Article Text
Abstract
Background Retinoblastoma protein (RB) regulates nucleosome/chromatin structures and is linked to tumor suppression. It regulates the cell cycle by repression of E2F transcription factor and stabilization of heterochromatin. Because SLE is the prototypic autoimmune disease with autoantibodies against the nucleosome and chromatin, the presence of anti-RB antibodies and the association with disease manifestations were examined.
Methods 222 SLE patients from the Hopkins longitudinal cohort seen consecutively in clinic were studied (85% female, 94% Caucasian, mean age 51 years). Anti-RB antibodies were assayed by immunoprecipitation of 35S-methionine-labeled protein generated by in vitro transcription and translation from full length human cDNA. Odds ratios and p-values for univariate analyses were calculated using Fishers exact t-test. Exact logistic regression and odds ratios were calculated for the multi-variate model due to a cell frequency of zero for proteinuria ever and positive anti-RB antibody status.

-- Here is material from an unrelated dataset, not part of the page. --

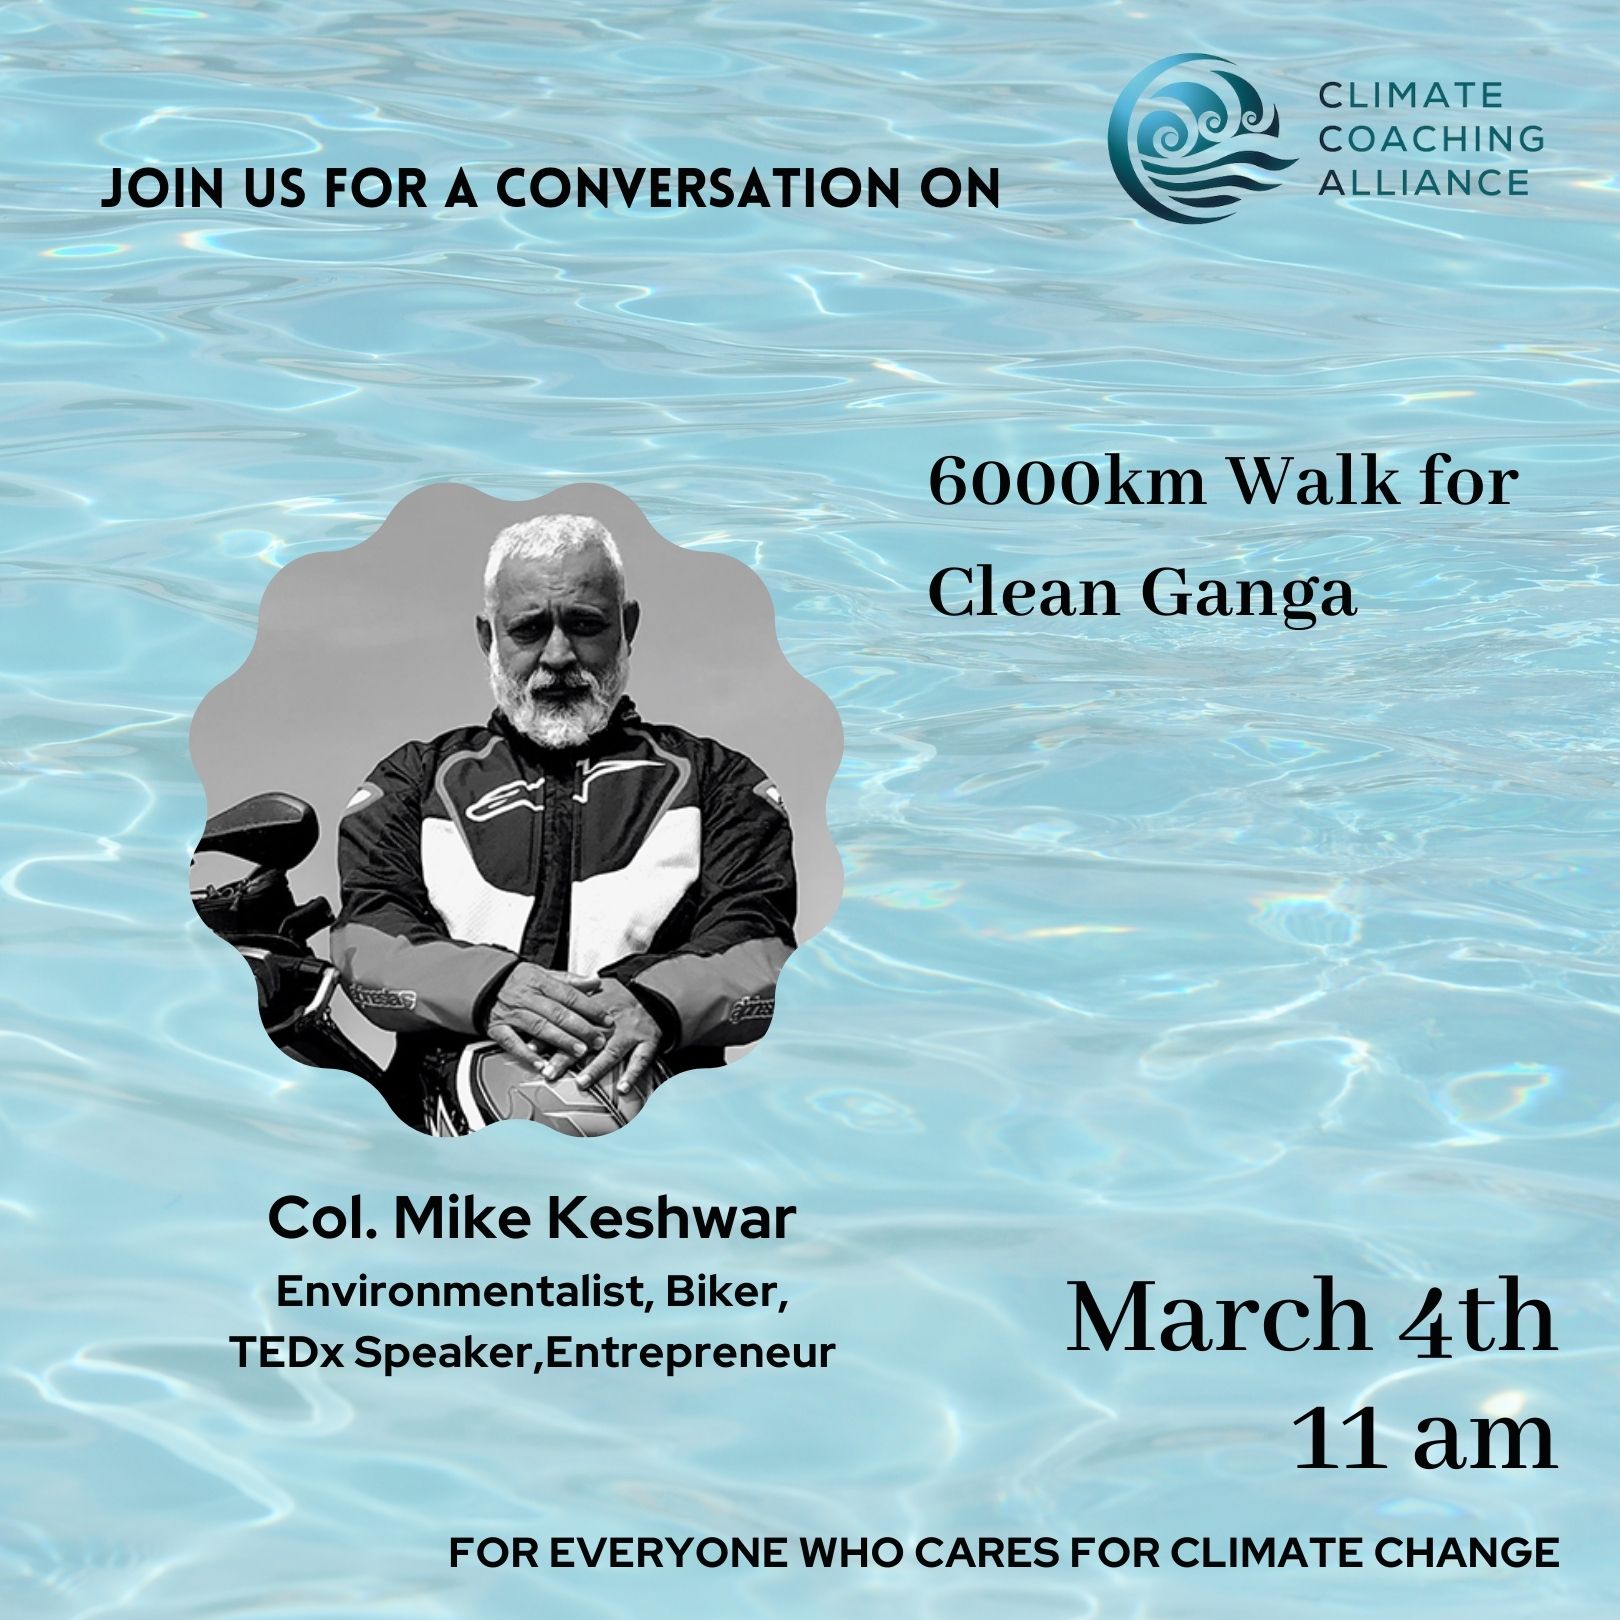 6000km walk for Clean Ganga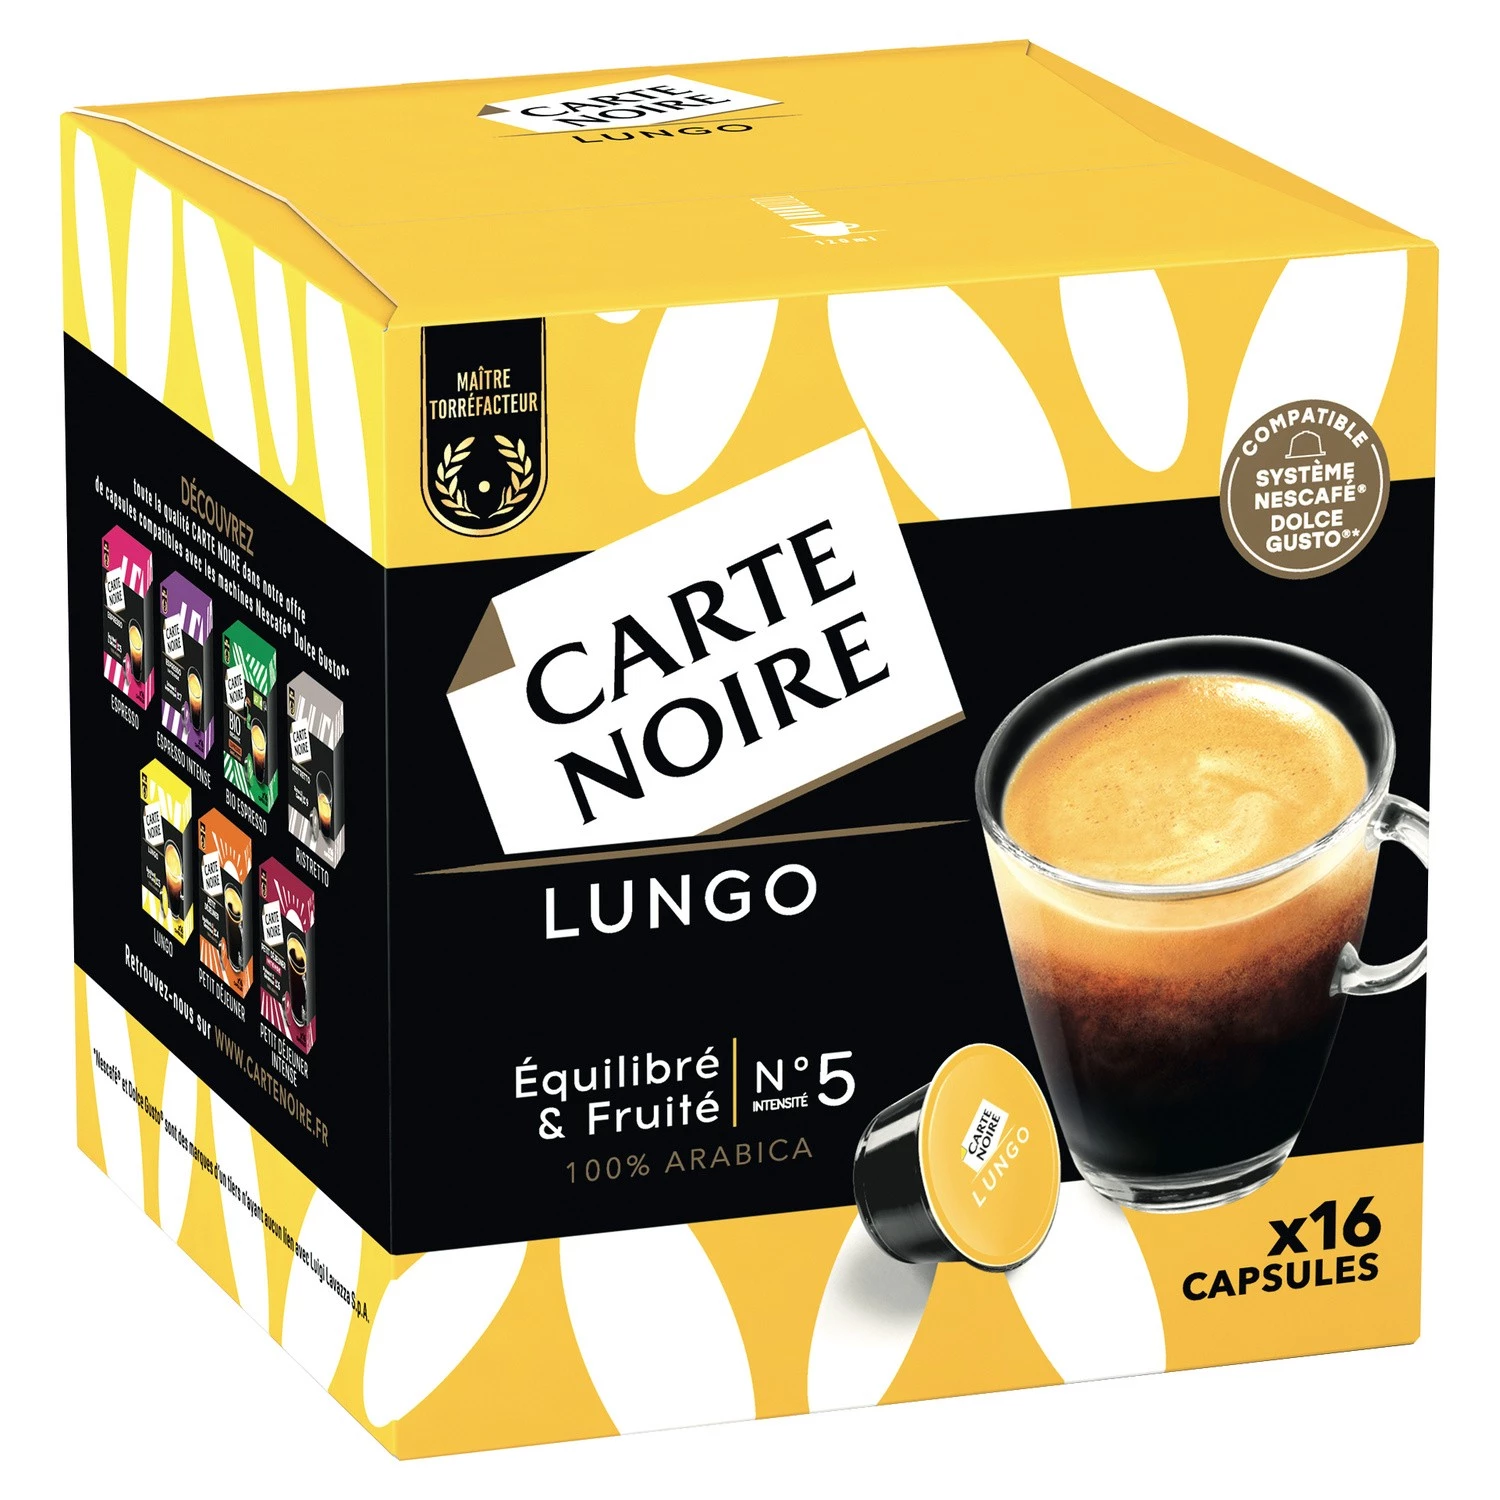 Viên nang Café lungo n°5 x16 viên 128g - CARTE NOIRE

Results Anti-RB antibodies were present in 8.6% of these SLE patients, 6.3% with medium-high titer. Univariate associations with SLE manifestations for the medium-high titer positive patients are included in table 1. Of note, medium/high titer anti-RB antibodies were never found in patients with proteinuria (p=0.0028). In a multi-variate model for proteinuria, anti-RB antibodies remained negatively associated (OR 0.1112, p=0.016) after correction for female gender (OR 0.417, p=0.0498), ethnicity (Caucasian, OR 0.288, p=0.0833), low anti-dsDNA ever (OR 1.806, p=0.1192), anti-Sm positive ever (OR 1.273, p=0.7127) and low complement ever (OR 2.111, p=0.0377).
Conclusions Anti-RB antibodies are a novel specificity not previously described in SLE. These antibodies are strongly negatively associated with lupus nephritis, even in multivariate models that include other variables (female gender, Caucasian ethnicity, anti-dsDNA, anti-Sm, and low complement). Intriguingly, anti-RB antibodies are positively associated with stroke in SLE. Additional studies are warranted to understand the mechanism of this finding.
Funding Source(s): The Hopkins Lupus Cohort was funded by NIH Grant R01-AR069572.